Below are records; count how many of their lines contain the word "provided" and give the number alone.
(Extracted data Opens)
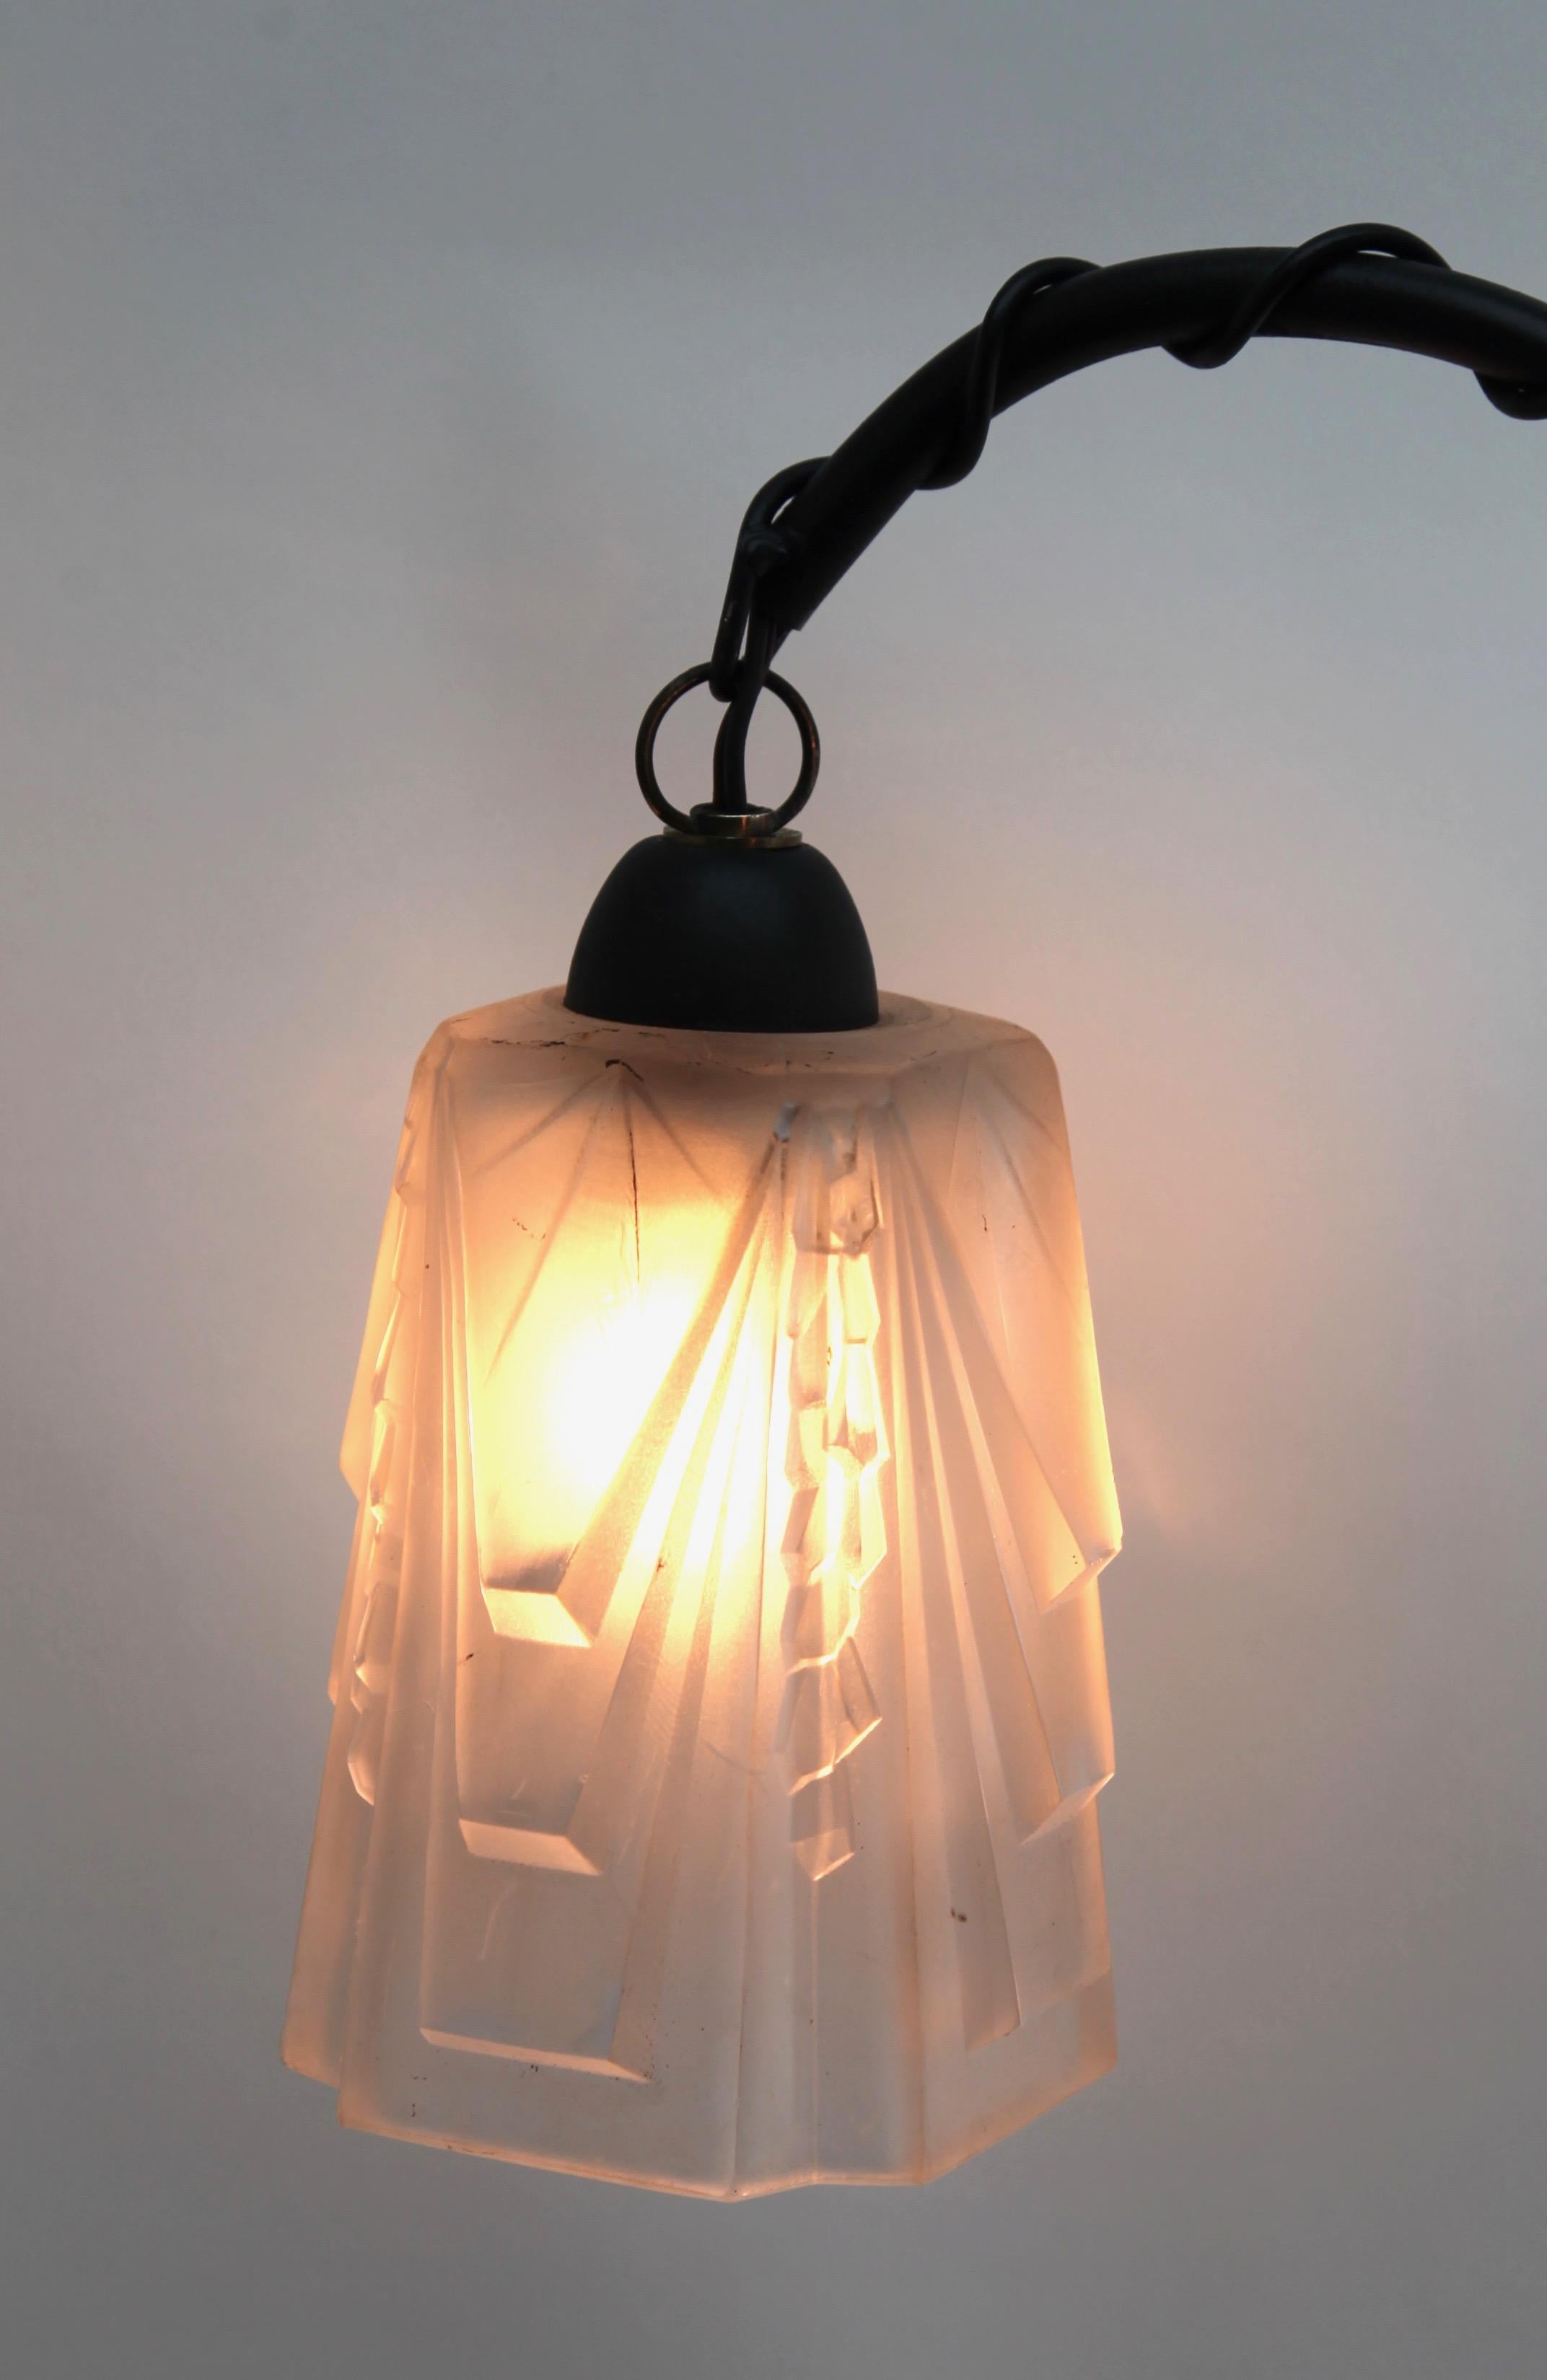 Chandelier by Muller Freres Luneville, shades are signed 1900s
Photography fails to capture the simple elegant illumination provided by this lamp.

In excellent condition and in full working order having recently been re-wired and 
provided with a
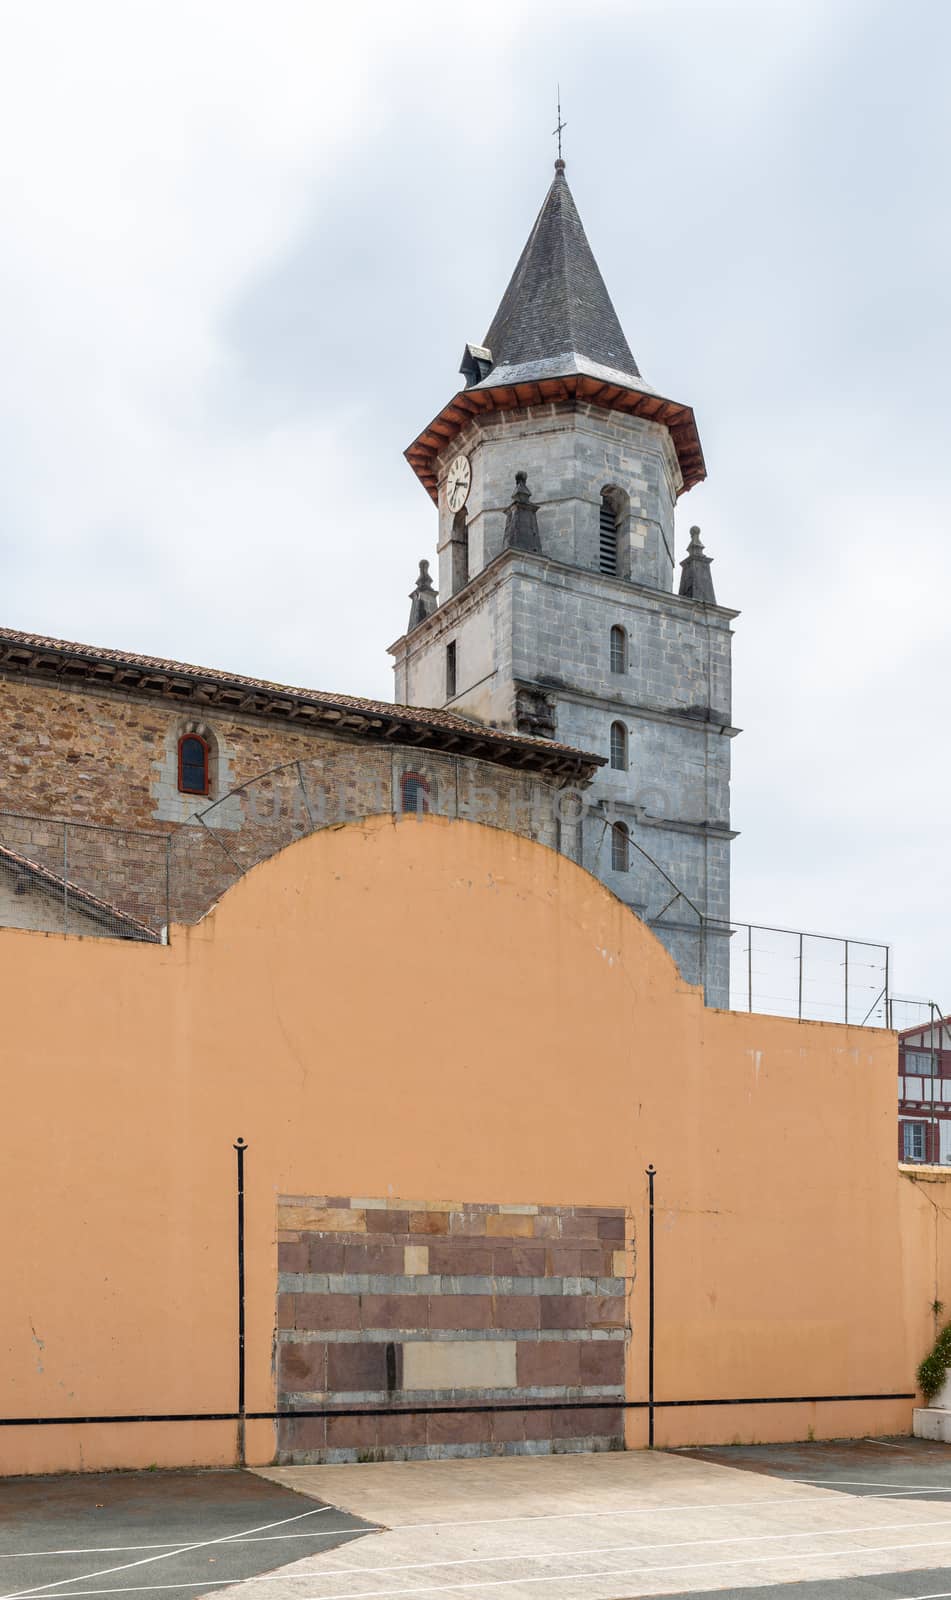 Basque pelota wall and court in Ainhoa, France. Church in the background.
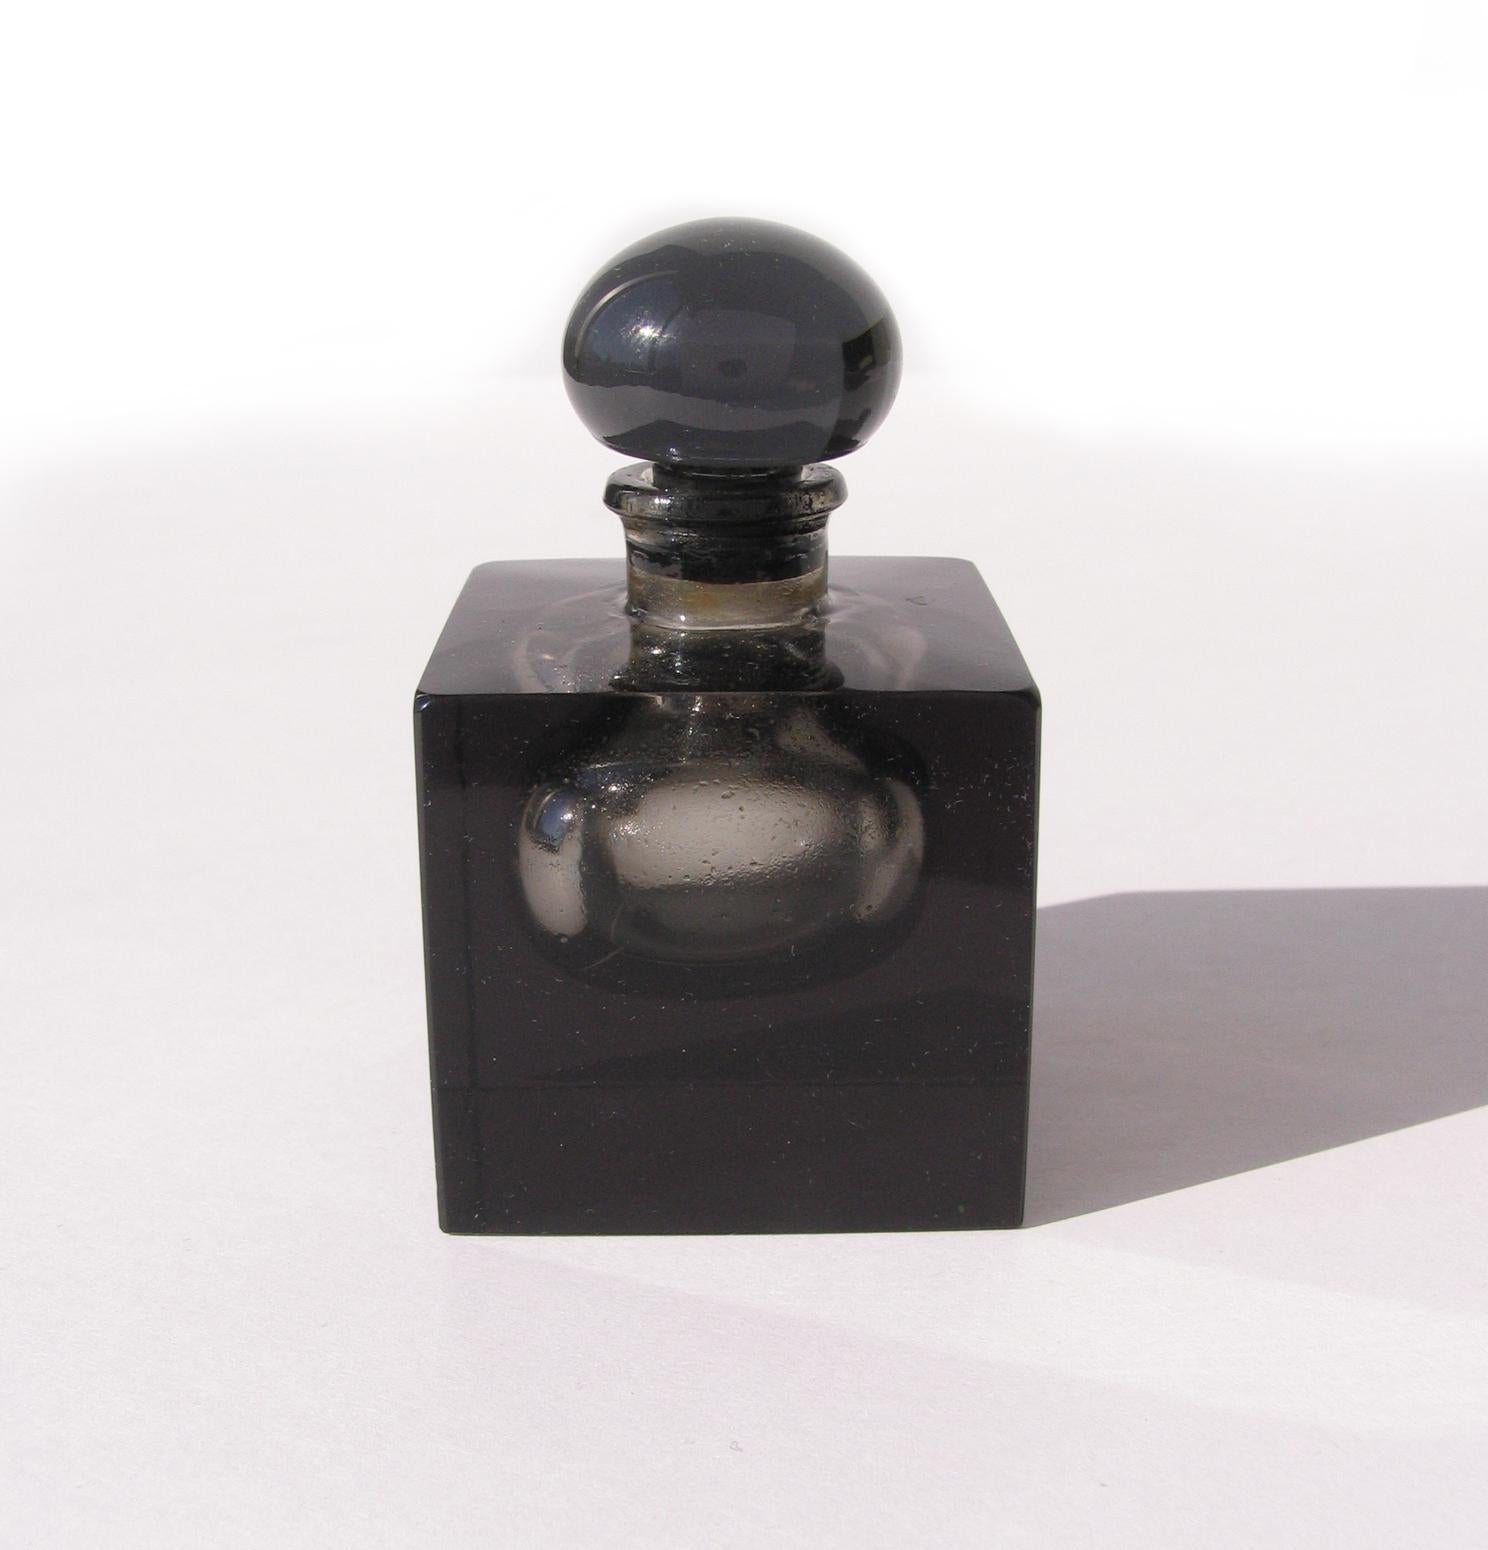 Art Deco square black glass perfume bottle with interior clear sphere. 
Round black glass bottle stopper.
(Extracted data Closes)
▶ [Your solution] 2